Mark Royal

Personal information
- Nationality: English
- Born: 18 January 1975 (age 51)

Sport
- Sport: Lawn & indoor bowls
- Club: Rookery (outdoors) Mid Suffolk (indoors)

Medal record
Men's bowls
Representing England
English Nationals
| Gold medal – first place | 2003 | cofc |
| Silver medal – second place | 2021 | cofc |

= Mark Royal =

English lawn and indoor bowls player

Mark Royal (born 1975) is an English international lawn and indoor bowler.

==Bowls career==
===Outdoors===
Royal won the Men's Champion of Champions singles title in 2003, at the National Championships. In 2021, he reached the final of the event again, only to lose out to Jamie Chestney 21–11.

===Indoors===
Indoors he reached a career high world indoor ranking of 2 in 2009 and has been in the worlds top 16 since 2003.

Major successes include winning the Welsh Open in 2008 and 2011.

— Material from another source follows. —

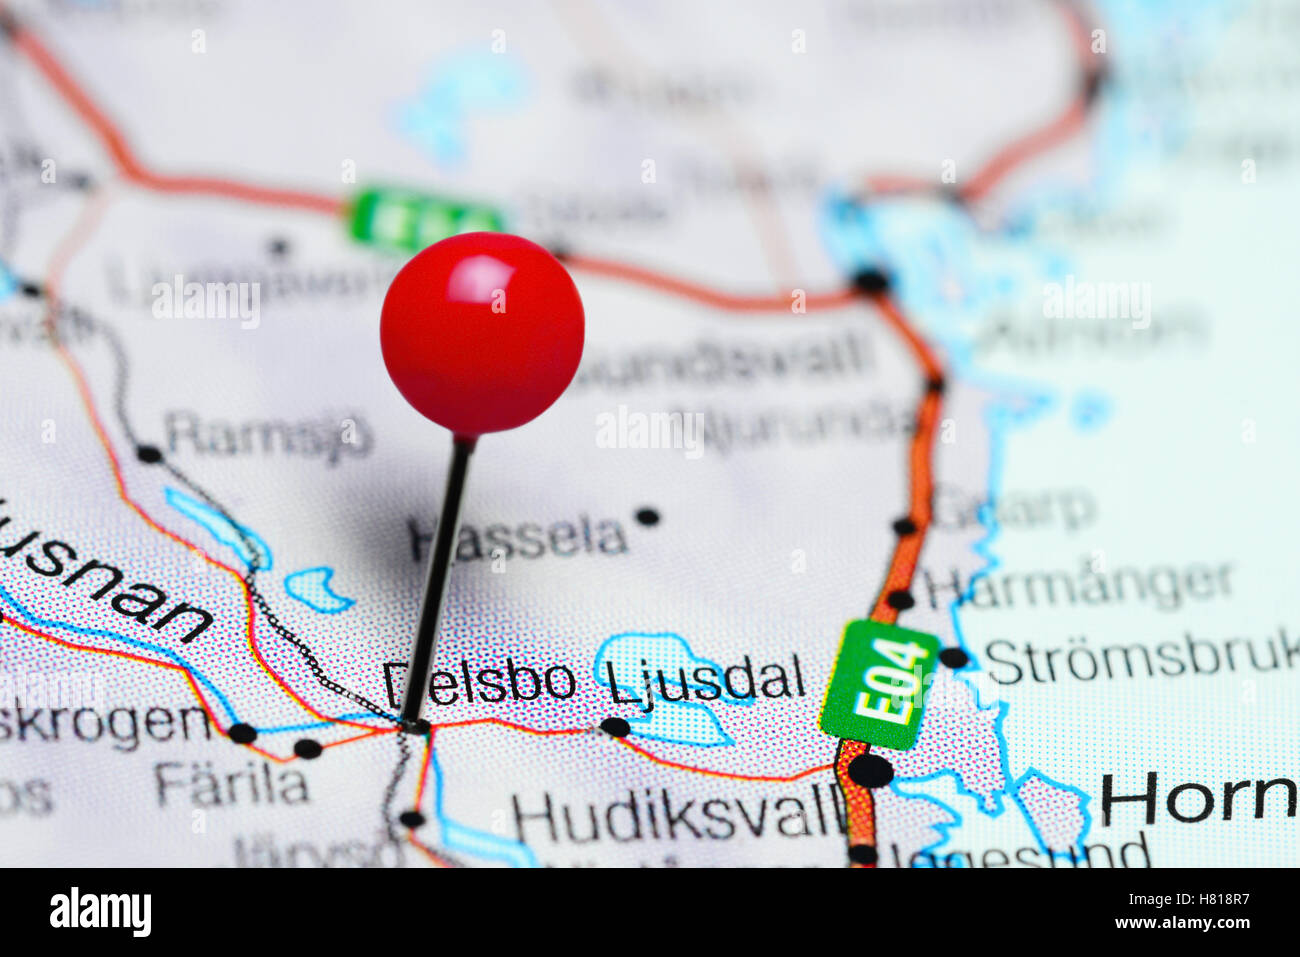 Delsbo pinned on a map of Sweden Stock Photo

Mark bowls with Drakes Pride 4 Heavy.

==Awards==
He was awarded the 2009 Players Player of the Year and Performance of the Year by the World Bowls Tour.

==Personal life==
By trade he is a Director of Jack and Bowl. He is married with three children and formerly worked with Potters Leisure Resort and its manager Greg Harlow.